Almost a quarter of households in arrears on bills
ALMOST A quarter of all households were in arrears on at least one bill or loan last year and 60 per cent said they had difficulty making ends meet, according to the annual survey on income and living standards by the Central Statistics Office.
Gross and disposable household incomes fell in 2009 as higher taxes and growing unemployment took their toll, the survey shows. However, poverty levels remained stable as social welfare payments increased during the period.
Children and lone parent households are the groups most vulnerable to poverty, according to the report, published yesterday.
The gross household income last year was €56,522, down 6.7 per cent; disposable income was almost €46,000, down 6.3 per cent.
Some 14.1 per cent of the population were at risk of poverty last year, compared to 14.4 per cent in 2008. The decline is not considered statistically significant.
The “at risk of poverty” rate for children was also unchanged, at 18.6 per cent, as was the worst affected group, lone-parent households, where 35.5 per cent were at risk of poverty.
The survey shows households are increasingly dependent on State payments.

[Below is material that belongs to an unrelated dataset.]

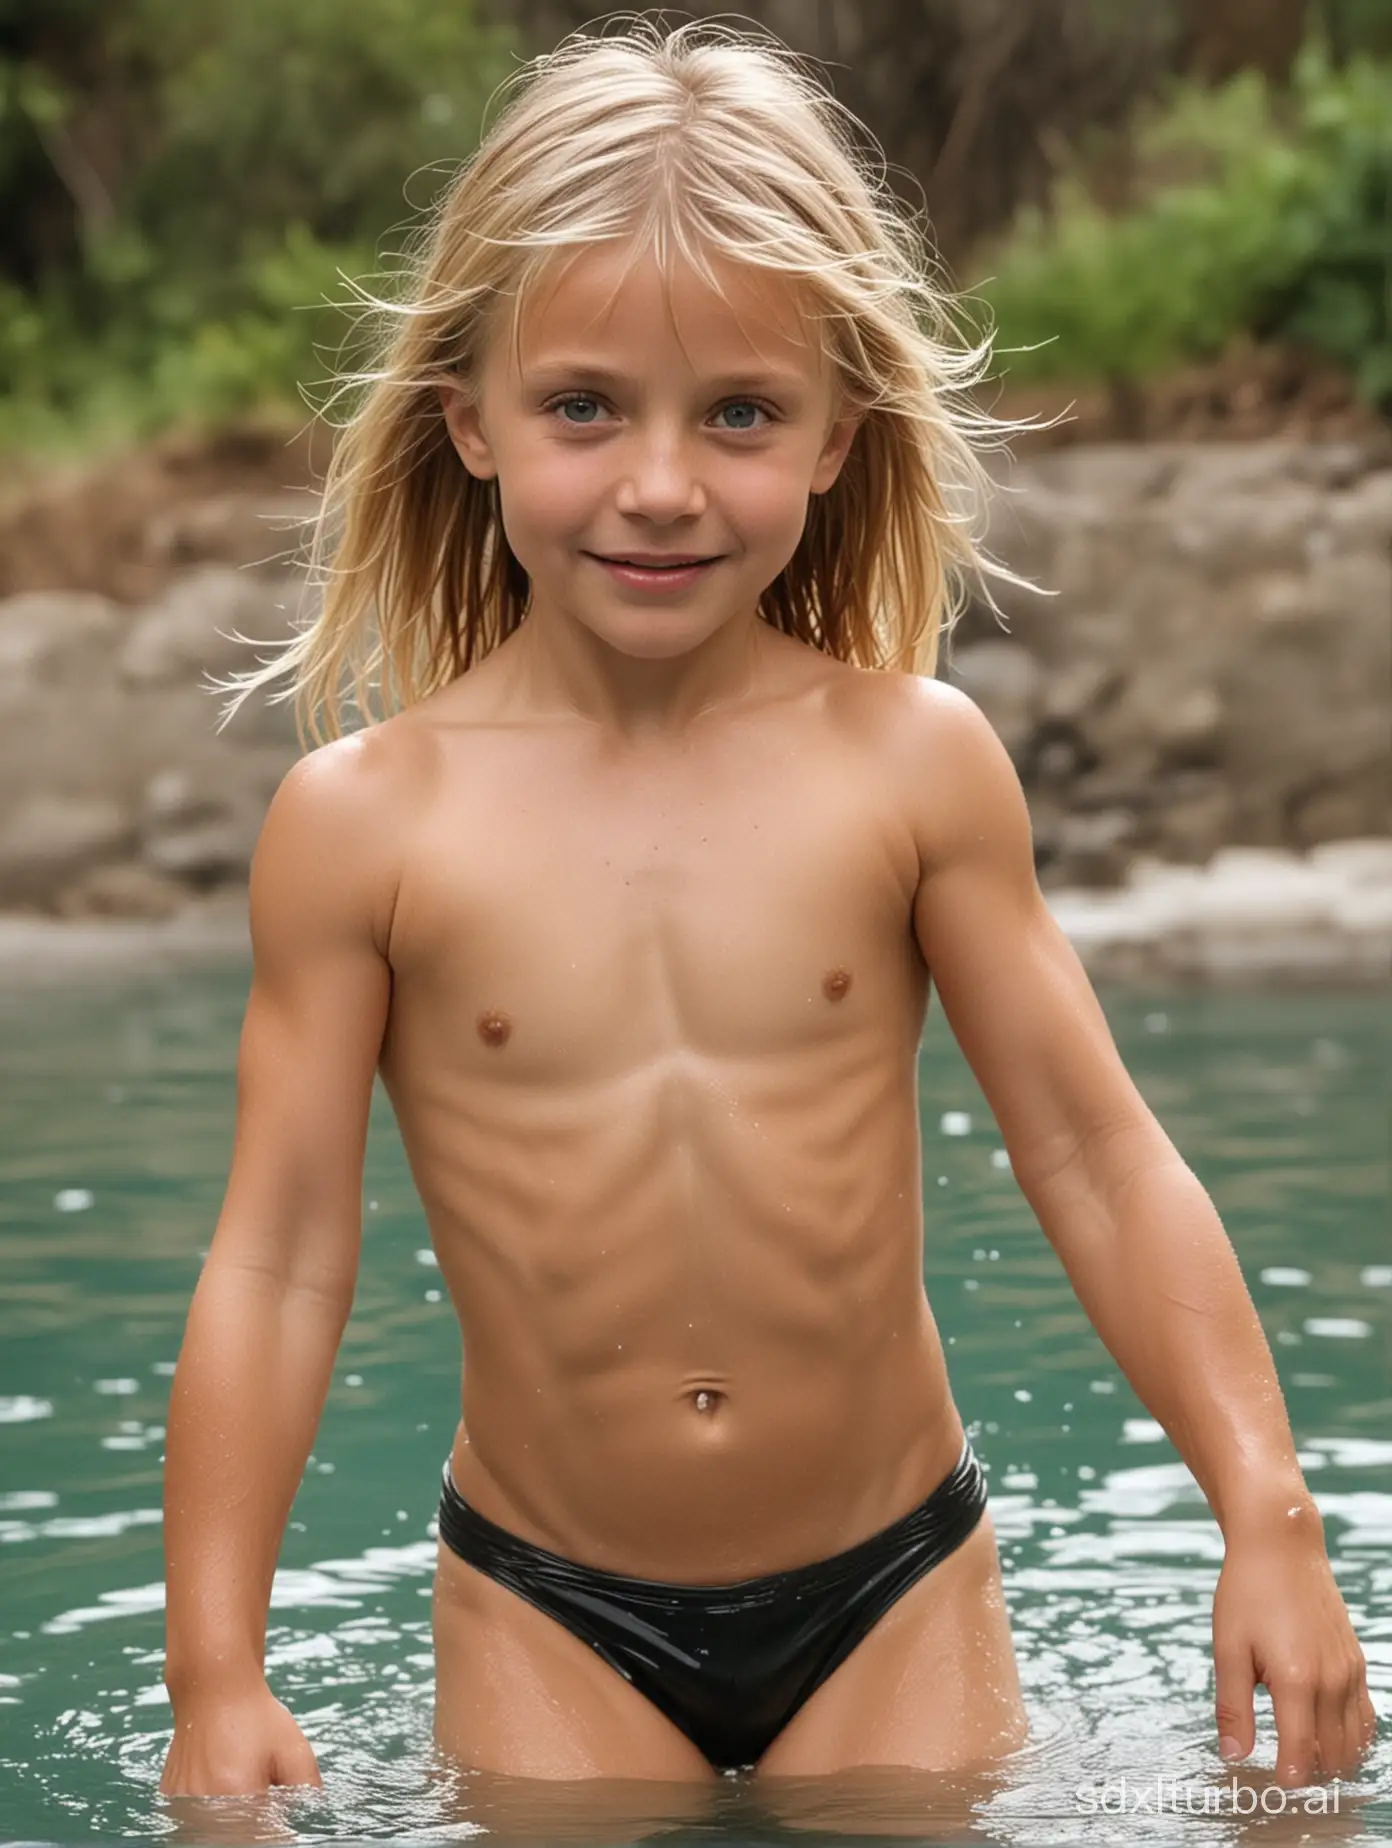 Childhood-Fitness-Young-Cameron-Diaz-with-Defined-Abs-Bathing

Some 27 per cent of household income came from social transfers, such as unemployment benefit, disability benefit or children’s allowance, up from 22 per cent in 2008.
Not surprisingly, State payments loom larger in importance in poorer families. They account for 91 per cent of income in the lowest-earning 10 per cent of the population. However, even in the highest earning 10 per cent, they account for almost 10 per cent of income.
Older people also rely heavily on State payments. The poverty rate among over-65s was under 10 per cent, but when social transfers are excluded, this figure rises to 88 per cent.
Poverty is lowest among older people living alone (less than 10 per cent).
By region, it is highest in the Midlands (23.5 per cent) and lowest in Dublin (8.3 per cent). Rural poverty rates stood at 17.8 per cent, compared to 11.8 per cent in urban areas.
The richest 10 per cent saw almost 30 per cent of gross income go on tax and social insurance contributions, while the poorest 10 per cent contributed 1 per cent of their income in this way.
Just over 24 per cent of households were in arrears with mortgage payments, utility bills or other loans or bills; this compares to just 10 per cent in 2008. Among those at risk at poverty, the proportion of people in arrears rises to one-third, up from 20 per cent in 2008.
One in 10 households was behind on gas or electricity bills, and one in 20 was in arrears on the rent or mortgage. Only half of those surveyed said they would be able to meet an unexpected expense of about €1,000 without borrowing.
The CSO also measures deprivation, or the inability of people to afford basic goods.
The survey shows the deprivation rate rose to 17.3 per cent last year, up from 13.8 per cent in 2008. The two items people reported being most deprived of were the replacement of worn-out furniture and being able to afford to go out in the preceding fortnight.
Compared to other members of the EU, Ireland’s poverty rate is slightly below average. In 2008, the “at risk of poverty” rate in the EU was 16.5 per cent; the equivalent rate for Ireland was 15.5 per cent.
This ranked us 13th in the 27-member EU. Latvia recorded the highest rate, while the Czech Republic had the lowest.
The at risk of poverty rate is based on income and household composition and is calculated as the percentage of people with an income less than 60 per cent of the national median income.